2. Dès lors, les tiers – en particulier les professionnels travaillant
auprès des enfants – jouent un rôle clé dans la rupture du cycle
de violence que la plupart des enfants endurent en silence, en détectant
des signes d’abus sexuels et en les signalant aux autorités compétentes.
3. L’Assemblée parlementaire rappelle que l’intérêt supérieur
de l’enfant doit primer dans toutes les mesures concernant la sécurité
et le bien-être des enfants. Après avoir examiné le pour et le contre
des lois prévoyant un signalement facultatif ou obligatoire, l’Assemblée
n’est pas convaincue que l’un des systèmes se soit avéré plus efficace
que l’autre pour protéger les enfants contre les abus.

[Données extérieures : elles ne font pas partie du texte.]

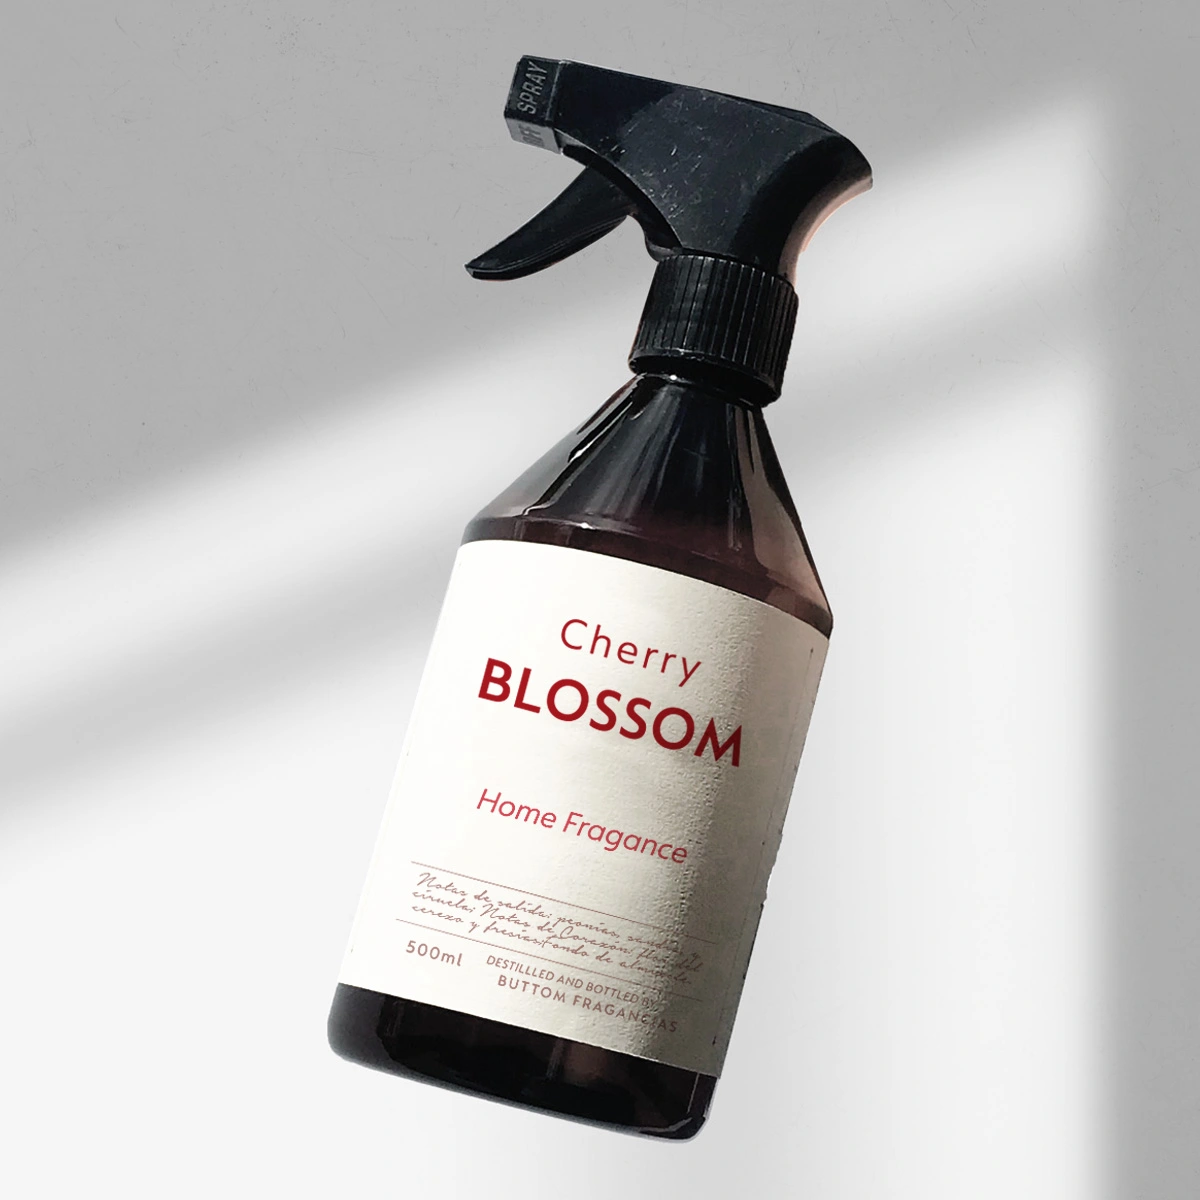 Cherry-Blossom-500ml-Buttom-Fragancias
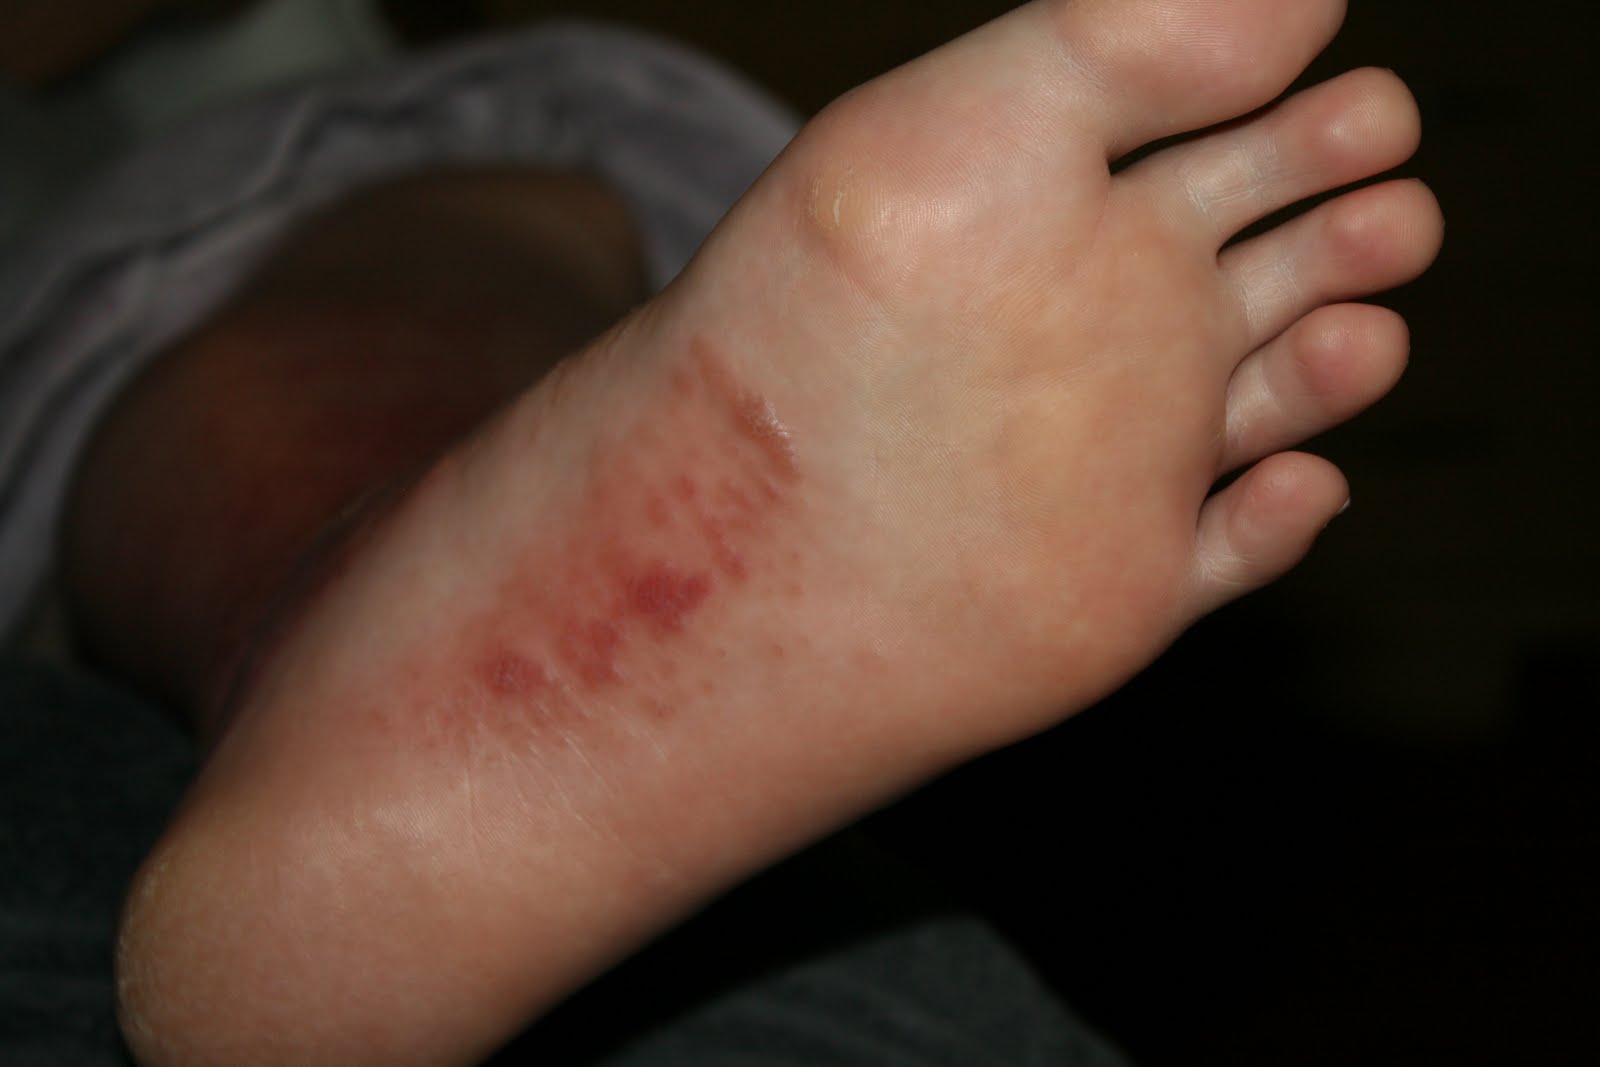 Tiny foot blisters - Dermatology - MedHelp

4. L’Assemblée note que, indépendamment du système de signalement
en place – obligatoire ou facultatif –, de nombreux cas d’abus commis
sur des enfants, y compris d’abus sexuels, restent tus soit parce qu’ils
passent inaperçus, soit parce qu’ils sont détectés mais non signalés.
Par conséquent, le défaut de signalement demeure l’un des principaux
défis posés aux systèmes de protection de l’enfance.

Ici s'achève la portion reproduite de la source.